This application is a 35 U.S.C. § 371 filing of International Application No. PCT/US2017/041403, filed Jul. 10, 2017, which claims priority to U.S. Patent Application Ser. No. 62/360,445, titled “Electromagnetic ally Augmented Musical Instrument Methods and Systems,” filed Jul. 10, 2016, each of which is incorporated herein by reference in its entirety.

BACKGROUND OF THE INVENTION

Musical instruments, such as the strings, horns, brass, woodwinds, and percussion of the modern orchestra and the multitude of other non-western instruments from around the world have been known for centuries. Conventional musical instrument development has attempted to create new behaviors and new sounds, from both a purely acoustic and electroacoustic perspective. For example, modern guitars have developed significantly since the early invention of the first guitar. Similarly, the invention of the synthesized drum or drum machine provided an entirely new palette of sonic options.

In an electroacoustic musical instrument, a substantially acoustic signal is converted to an electric representation of that signal and then manipulated by electronic devices. An electro-acoustic example would be an electric guitar which has the ability to encode the acoustic vibrations of a string into an electrical signal via an electromagnetic pickup. The resultant electrical signal may then be routed through any number of electrical devices that purposely affect the electrical signal to create new sounds.

One such new sound, for example, would be the tremolo sound effect, which is now a common musical effect. The acoustic tremolo effect is a flutter-like effect that alters the frequency of the affected tone by some arbitrary modulation, which is typically produced by mechanical or electromechanical induction of a tremolo effect via acoustic amplitude frequency or phase modulation. The acoustic tremolo sound effect can be achieved by applying a mechanically induced modulation with first the Hammond Tone Cabinet (D-20) and later the Leslie Speaker (see U.S. Pat. No. 2,450,139 by Hartsough, and U.S. Pat. No. 3,014,192 by Leslie). The acoustic tremolo effect has some limitations, in that; the frequency range of the modulator is limited to low frequency oscillation below 100 Hz. Other well-known analog circuit effects can be produced through a combination of transistors, capacitors, amplifiers, inductors, and other suitable electrical and/or electronic devices.

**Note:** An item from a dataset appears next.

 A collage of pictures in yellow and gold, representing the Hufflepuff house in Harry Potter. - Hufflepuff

Another example of an electro-acoustic development is a sound synthesizer or an electronic musical instrument that generates electric signals that are converted to sound through instrument amplifiers and loudspeakers or headphones. U.S. Pat. No. 4,018,121, by Chowning (hereinafter “Chowning”) discloses frequency modulation (FM) for musical sound synthesis. The popularity of the sound synthesizers in popular music resulted in the development of digital modular synthesizers and digital software synthesizers, which resulted in a move away from analog electric musical instruments. In some embodiments, the input signals are generated by a computer system, based on mathematical and physical models of known acoustic systems or methods of digital signal processing (see U.S. Pat. No. 6,049,034 by Cook).

An example of an acoustic instrument electromagnetic (EM) augmentation is the control for musical instrument sustainers, or E-Bow, (see U.S. Pat. No. 6,034,316 by Hoover). This device amplifies feedback with an electromagnet to vibrate ferromagnetic strings and sustain the tones continuously.

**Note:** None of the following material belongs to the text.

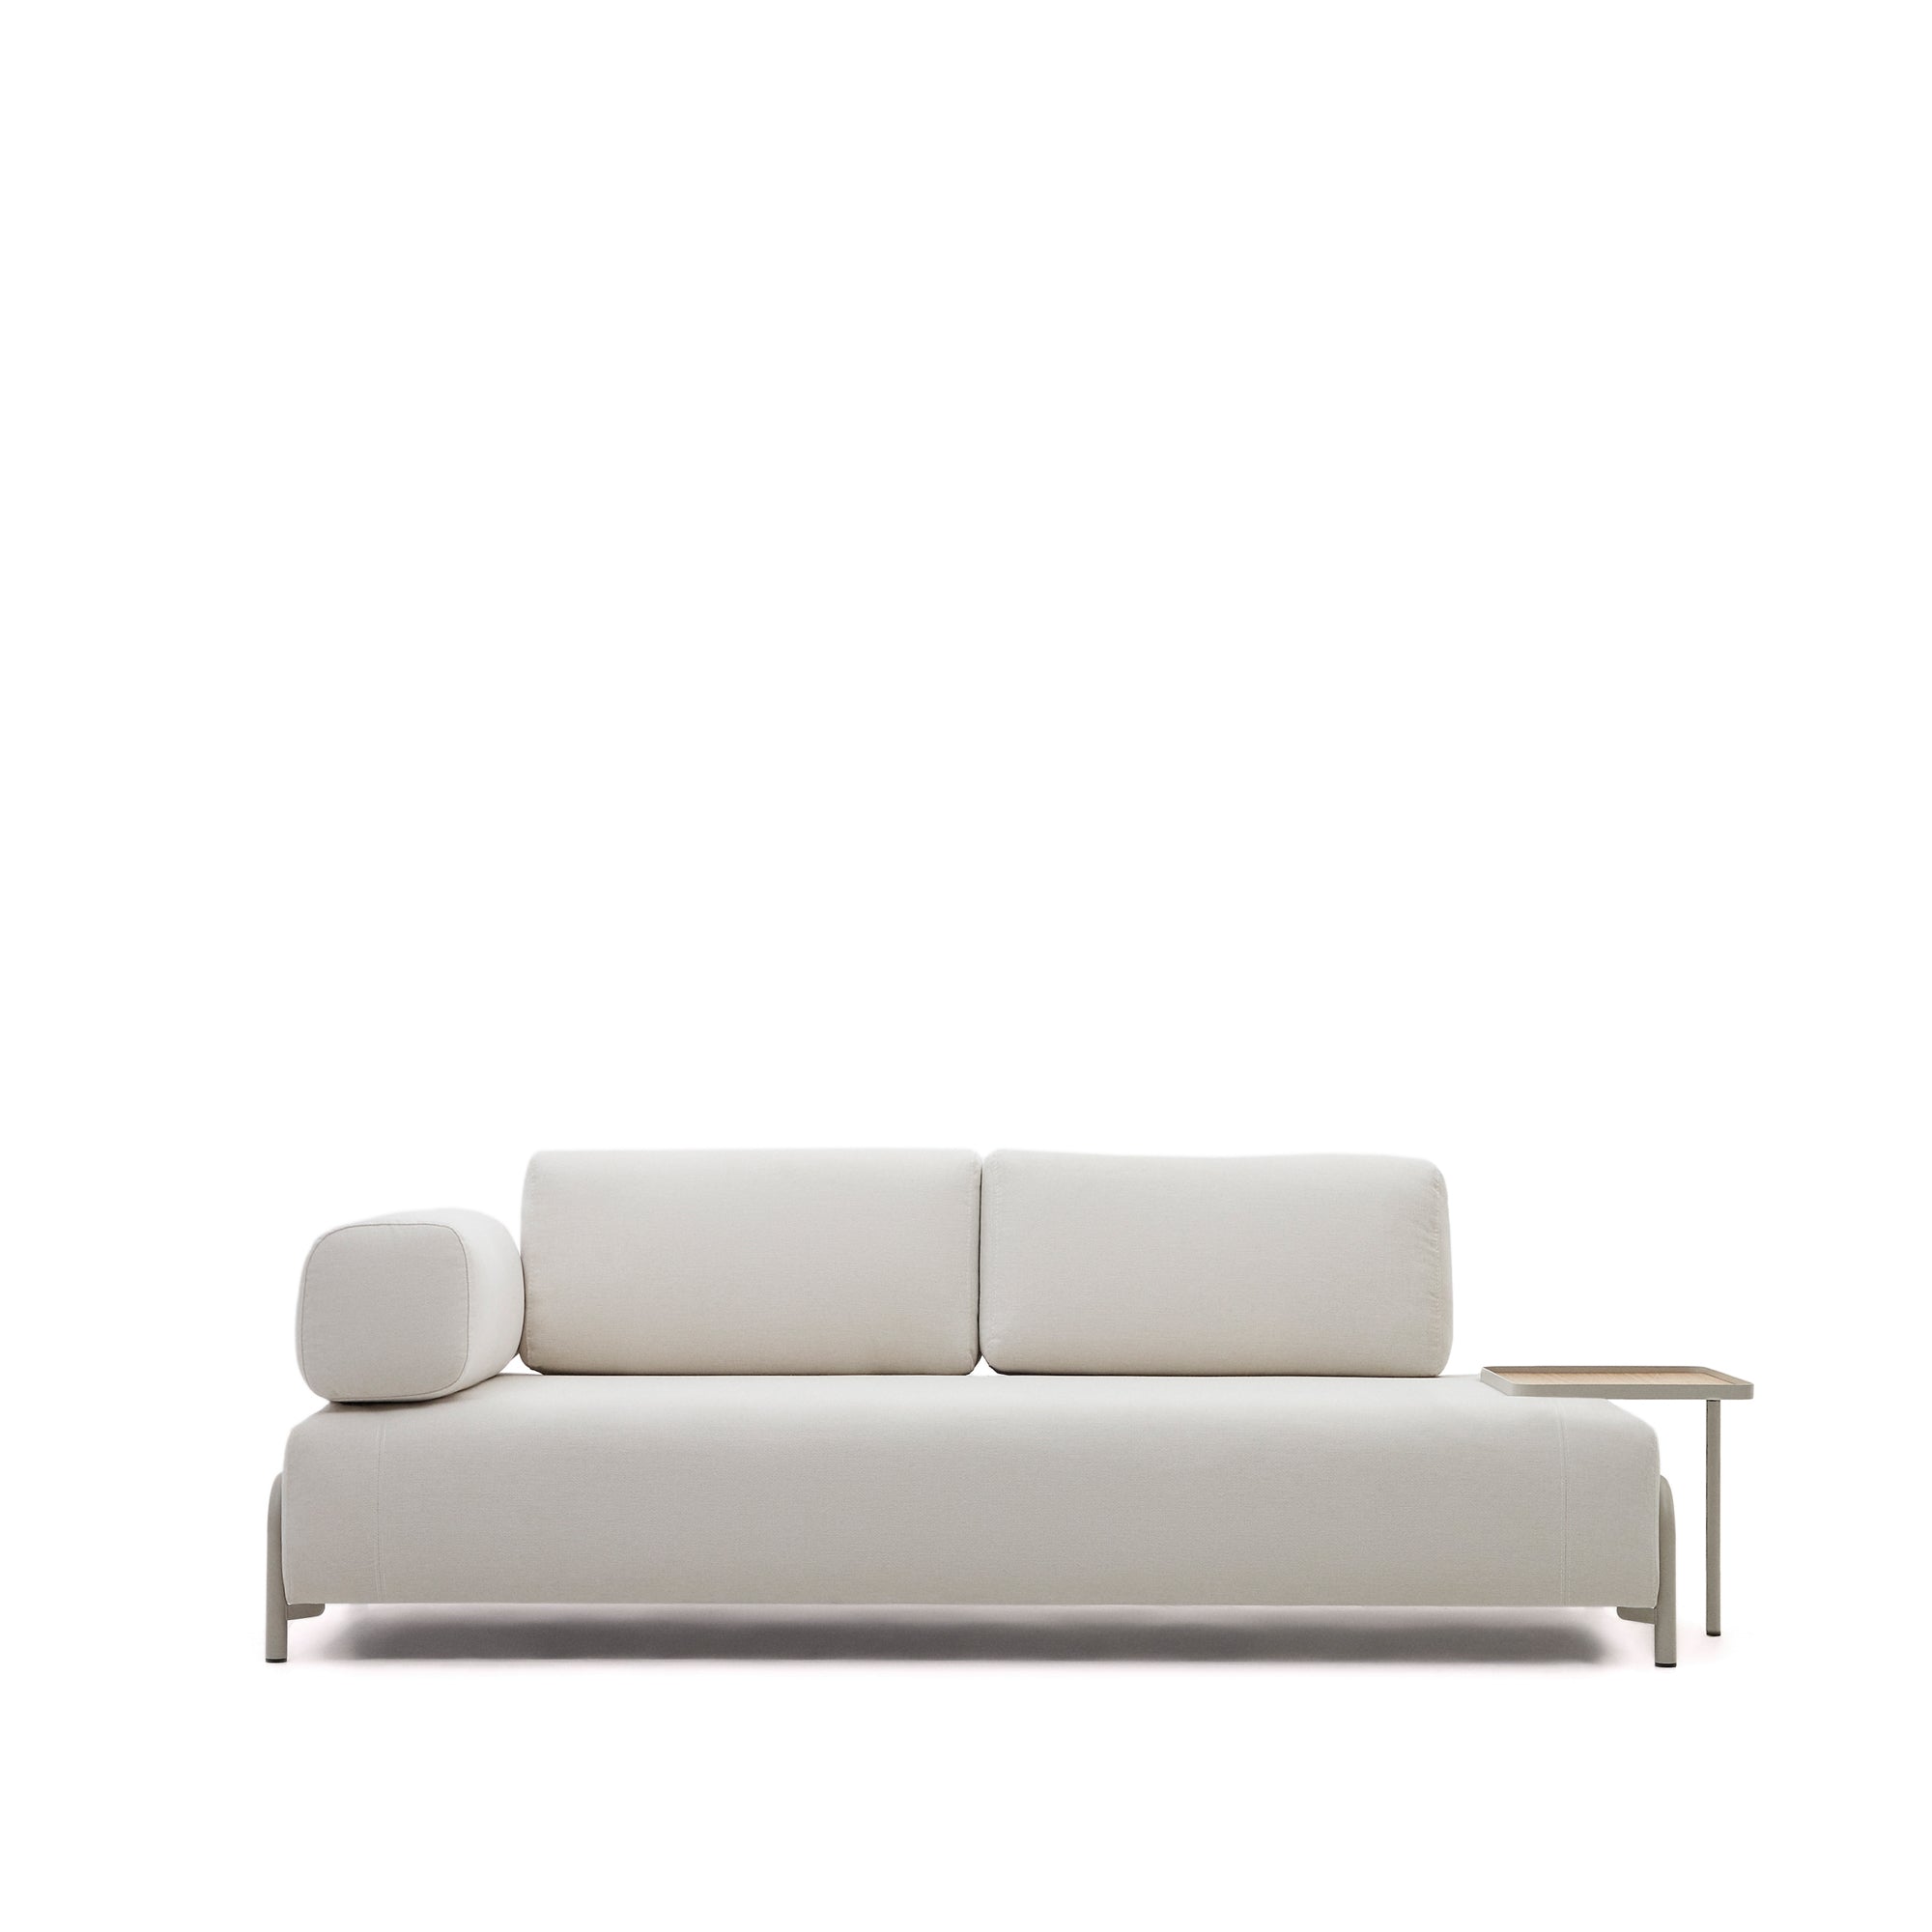 Compo 3-seater sofa chenille beige, large tray oak veneer and grey metal structure 232cm

An example of an acoustic instrument electromagnetic (EM) incorporated directly into the design of an electric instrument is the Rhodes piano (see U.S. Pat. No. 3,418,417A by Rhodes and DE2,264,786A1 by Rhodes) This device utilizes single-tine tuning forks to generate tones, which are picked up by a transducer that converts the vibrations into electrical signals, and then connected to an amplifier and a speaker and amplified

Another example of an acoustic instrument that has been augmented with electronics is a magnetic resonator piano as described by McPherson & Kim [Augmenting the Acoustic Piano with Electromagnetic String Actuation and Continuous Key Position Sensing, 2010. In NIME (pp. 217-222)] or the Rhodes piano, which uses a single-tine fork driven by an electromagnet. Other examples include the overtone fiddle and the feedback resonance guitar (see [Advancements in actuated musical instruments. Organised Sound, 16(2), p 154-165 by Overholt, Berdahl, and Hamilton, 2011]). There currently lacks technology that allows the flexibility of modulation found on sound synthesizers on acoustic or augmented acoustic instruments. This invention bridges this gap between electronic and acoustic methods of synthesizing sound through intermodulation and frequency modulation.

An acoustic modification or augmentation of a sound reproduction system is also possible. U.S. Pat. No. 1,346,491 discloses example acoustic amplification and filtering using a waveguide or horn to increase the loudness and directionality of the sound signal.

Chowning's seminal work drew inspiration from the spurious frequency products found from frequency modulation in radio engineering. Similarly, spurious frequency products called intermodulation products typically warrants mitigation, for instance in speaker design (see U.S. Pat. No. 3,327,043A, by Martin). Recently intermodulation has been utilized in the field of Dynamic Atomic Force Microscopy (see U.S. Pat. No. 8,849,611 by Haviland et al.). Expanding frequency content rather than reducing it, rich frequency content can be produced.

BRIEF SUMMARY OF THE INVENTION

By applying a similar construction as Haviland's cantilever AFM technique and analogous physical systems, modulation products from different modulation techniques may be leveraged for the synthesis of acoustic sound.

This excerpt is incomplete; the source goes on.